And they royally screwed it up. The basically the electronics system allowing people to take the test, the online electronics system failed massively for large numbers of test takers, resulting in a bunch of people who just weren't able to even finish the test or go through all the answers. And it was later revealed a bunch of the multi state a bunch of the multiple choice questions were written
by non lawyers utilizing AI. So we were now in this position where the California Bar examiners were having to go to the California State Supreme Court, which, for those who don't know, there's the US Supreme Court in Washington, DC. You know, Chief Justice Roberts Clarence Thomas Samlito. Every individual state has its own state Supreme Court. There's a California State Supreme Court, Utah State Supreme Court, Hawaii State Supreme Court, Montana,
et cetera. California's State Supreme Court overseas certain aspects of the legal profession, and because of the exceptional circumstances here, the California Bar Examiners are petitioning the State Supreme Court to lower the passing grade for this February bar exam, given how royally was screwed up. Results are supposed to be released on May second. Yesterday, it was revealed, though, that the State Bar still hadn't even submitted its brief.
They're screwing up left and right. On April eighteenth, according to this statement from the State Bar, on April eighteenth, the Committee of Bar Examiners made its recommendations for scoring adjustments for the February bar exam. The CB asked US California's Supreme Court to rule on a petition the State Bar would file regarding those recommendations by Monday, April twenty eighth. Well, the problem is the State Bar hadn't even filed the petition,
and they're supposed to be filing it today. The timing of the petition will not give the Supreme Court, the State Supreme Court much time they write to rule in a manner that allows us to apply the scoring recommendations adopted by the Court and then release February Bar Exam results on May second. There may therefore be a slight delay in releasing results. This is a huge problem. This
is a huge problem. So first of all, how it impacts your professional prospects if you're admittance to the bar is being delayed, delayed, delayed, Can I start this job that I want? Well, we don't know. And then secondly, there's this all right, The idea of the bar exam is that it's a barrier to entry. It's deliberately hard. On the one hand, it's testing your knowledge of the law. On the other hand, it's just testing if you're smart
and hard working. It's testing whether you've got the goods to really study, really, really, really hard and absorb a lot of material. Because why, well, being a lawyer is a really important responsibility. Your conduct, your behavior can be the difference between a murderer going free or a murderer going to jail. It can be the difference between you know, millions of dollars going rightly or wrongly one way or another. We need good, just competent people being lawyers so that
justice can be administered throughout society. It's actually a really important thing. And they make it hard to pass the bar exame because they don't want dummies being lawyers. And I'm afraid, like, if you're lowering the standard because the state and I mean, what else can the state bar do? They screwed it up. They screwed it up. It wasn't the test takers. It screwed it up. They did. So if you're lowering the standard for admitting people in, are
we just going to concede? Well, I guess we're just gonna let a couple of people who are not as smart as we would normally like let them become lawyers. You know, it's not good, It really is not good. Are we going to get people who are gonna give people add legal advice like that? It's a really bad thing.

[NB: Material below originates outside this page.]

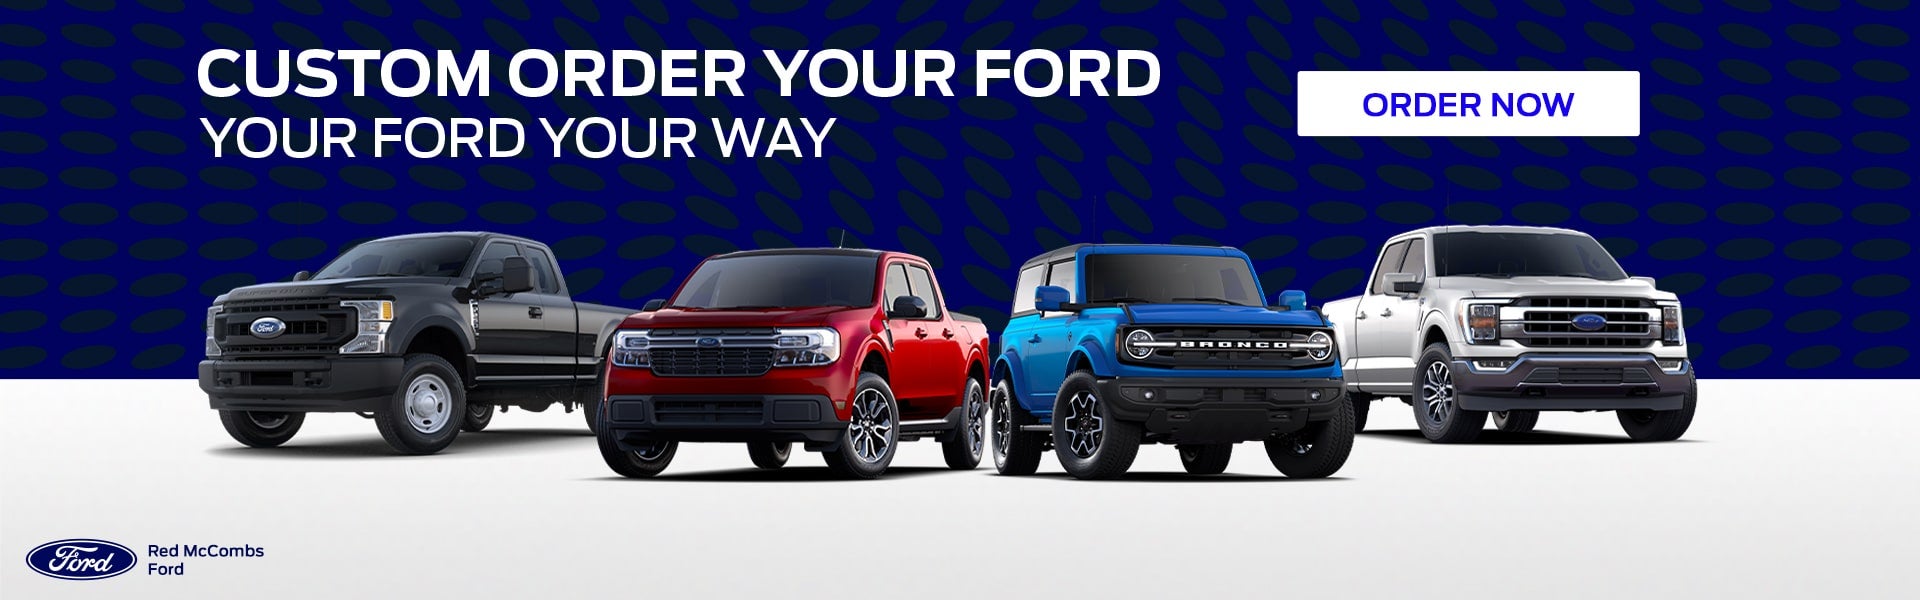 Custom Order Your Ford - Your Ford Your Way

And the state Bar is going to just apologize and that Here's well, the one thing that could really give the state bar some real pain and maybe lead to some real reform here is the fact that these are law students whom you have screwed over. This is a litigious group. So and and you've got a lot of lawyers all up and down the state looking at this with great interest about, Hey, how can I sue the
state bar. You know all these bar dues they're collecting. Hmmm, maybe that's a nice pool of money for me to try to sue. Let's see if I can put a slap a class action lawsuit together. Like yeah, this is a dicey situation for the state bar. All right. When we return, one of the big issues in the upcoming papal election China. That's next on the John Girardi Show. An underrated issue in the upcoming election of the Pope
may well be the issue of China. One of the more significant things that happened under Pope Francis's papacy was an agreement, a kind of concordat that was signed between the Catholic Church and the Chinese government. And it had to do with what influence, what power was the Chinese state going to have in the selection of bishops, and what sort of regularized non regularized status would there be
for the Catholic Church in China. Now for years up until now in mainland China, there was this division between the state approved I think it was called the Chinese Catholic Patriotic Association or something, so the state approved Catholic Church in China, and then the underground illegal Catholic Church like the actual Catholic Church, which would be subject to
sporadic harassment persecution by the Chinese governmental authorities. The Vatican and China had broken off any kind of diplomatic relations after the revolution and Malo Zetung and a ton of Chinese Catholics were martyred under the Communist regime and one of the during the Benedict papacy, one of the real stalwart defenders of the underground church in China was the Bishop of Hong Kong, who is a cardinal, Cardinal Zen. Yes, his name is Cardinal Zen ze En, not Cardinals Zin.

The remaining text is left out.